Certainly, these challenges do not preclude success; for most such tie-ups, however, I believe it simply delays the inevitable day of reckoning.

  • The rise of the lopsided acquisition:In recent years, I believe we have seen an uptick in deals that are far closer to the nature of an acquisition than a merger—where a dominant firm picks up a failing, or at least flailing, firm. Increasingly, we also see firms decline to assume entire balance sheets, opting instead for something akin to an asset purchase of a smaller remnant of the target firm.

Where the dominant firm’s decision-making takes into account the type of gap analysis discussed above and finds that the pieces fit their strategic position in the marketplace, there is a real opportunity to accelerate its strategic positioning in the marketplace.
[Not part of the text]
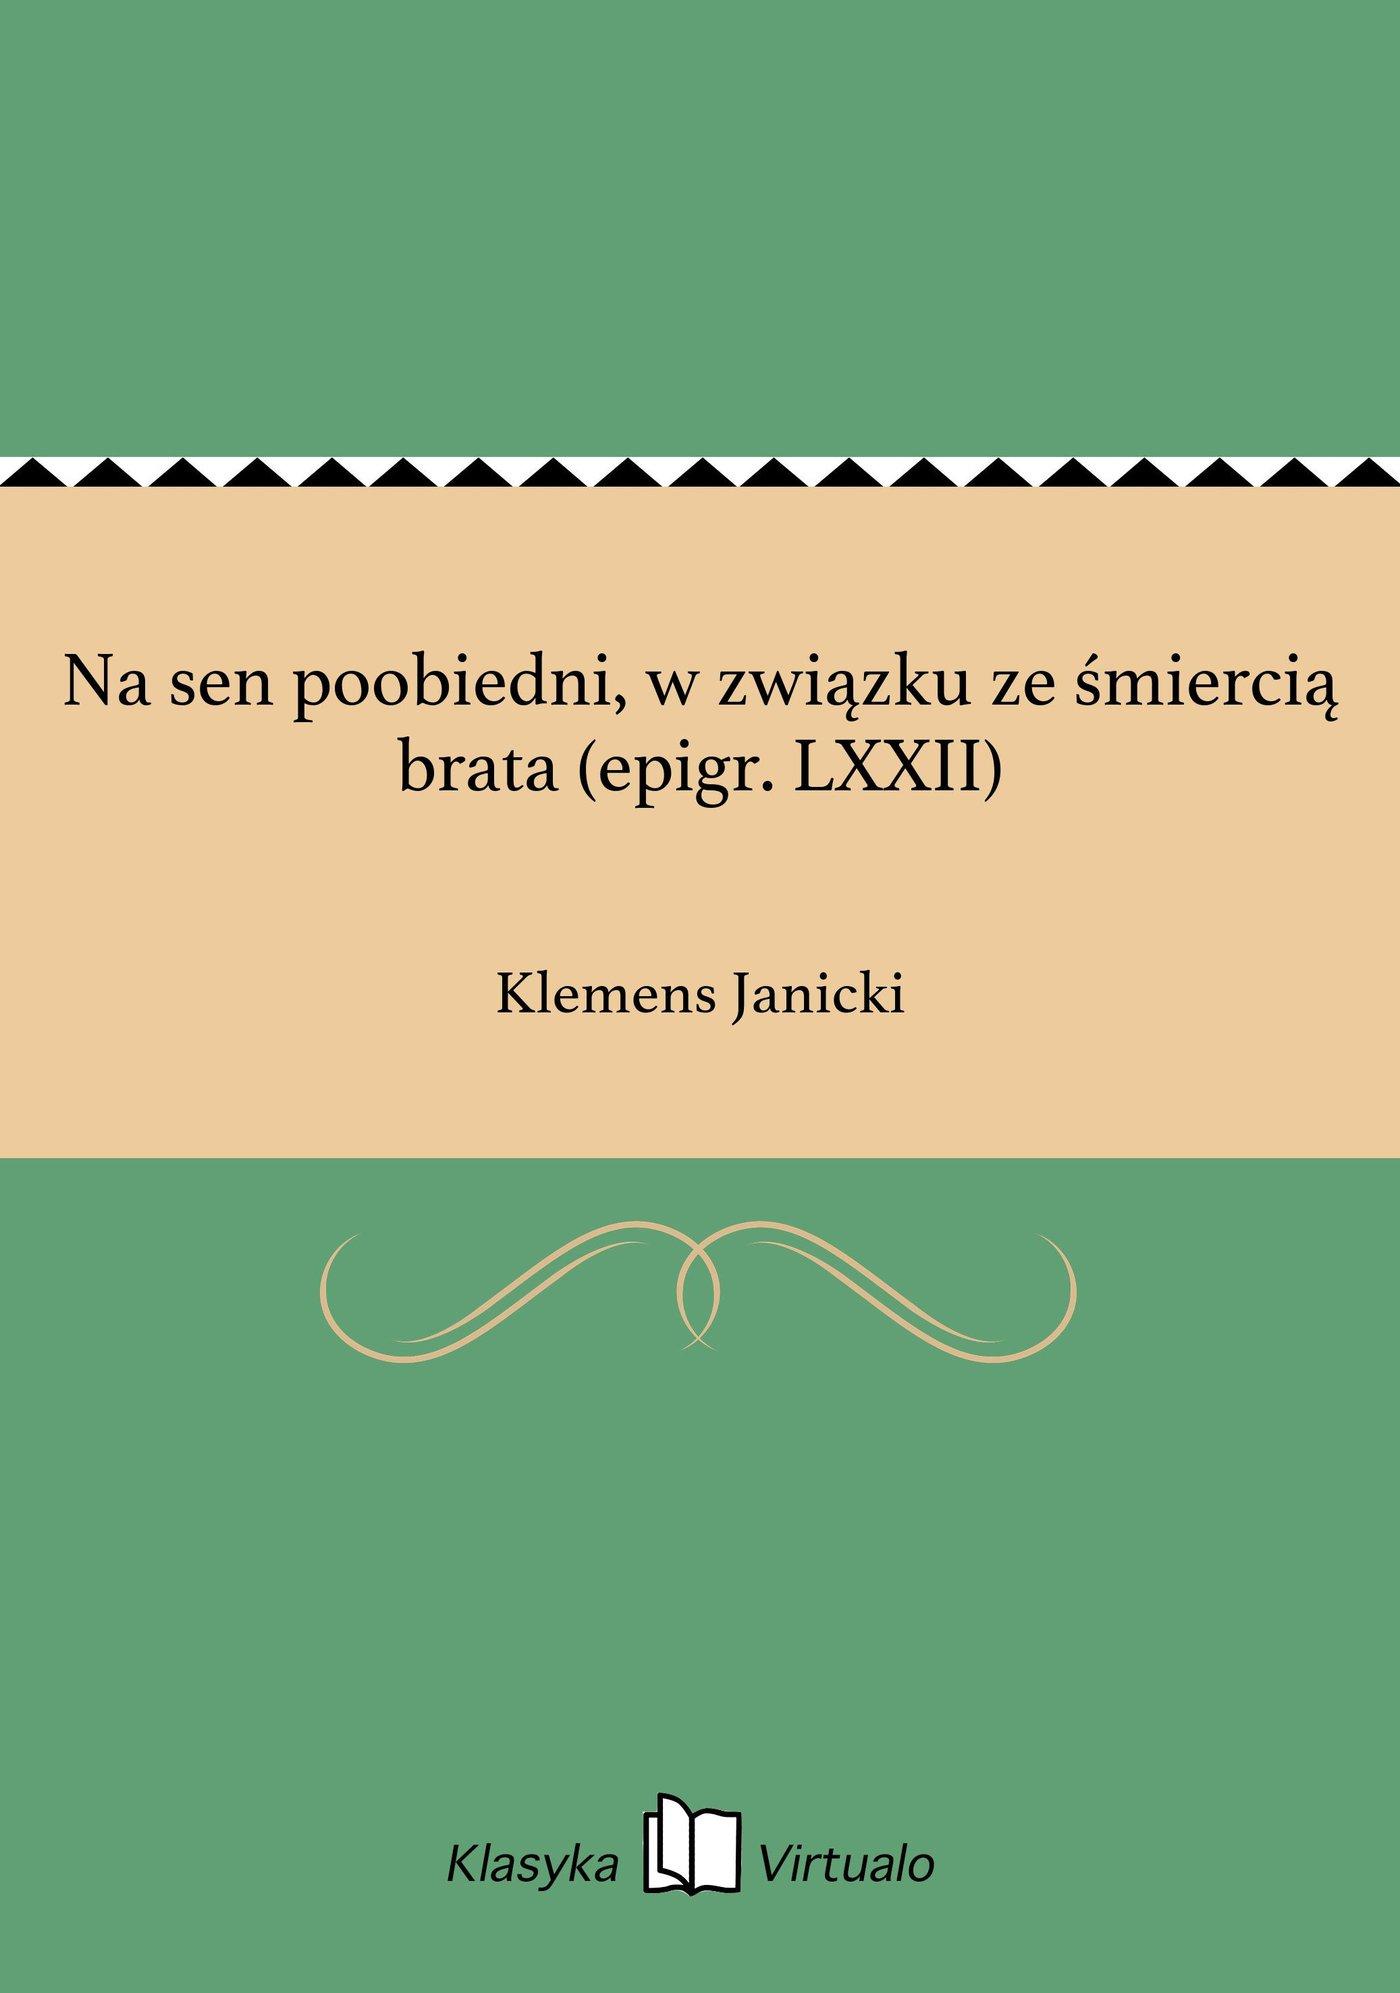 Na sen poobiedni, w związku ze śmiercią brata (epigr. LXXII) - Ebook (Książka EPUB) do pobrania w formacie EPUB

Without this commitment to strategic thinking, the undiscerning attempt to buy market share is unlikely to create real economic value.

As the world changes around Big Law, the way in which firms think about merger activity is evolving. Those firms that are applying a new lens to better understand a shifting landscape will be better equipped to spot opportunities. In turn, those firms will continue to break away from the pack. For firms simply trying to bulk up for the sake of bulking up, I think their mileage may vary. Ultimately, the success or failure of a merger of any flavor is only determined in one way: with the client as the final arbiter and the firm’s bottom line as a scoreboard without asterisks.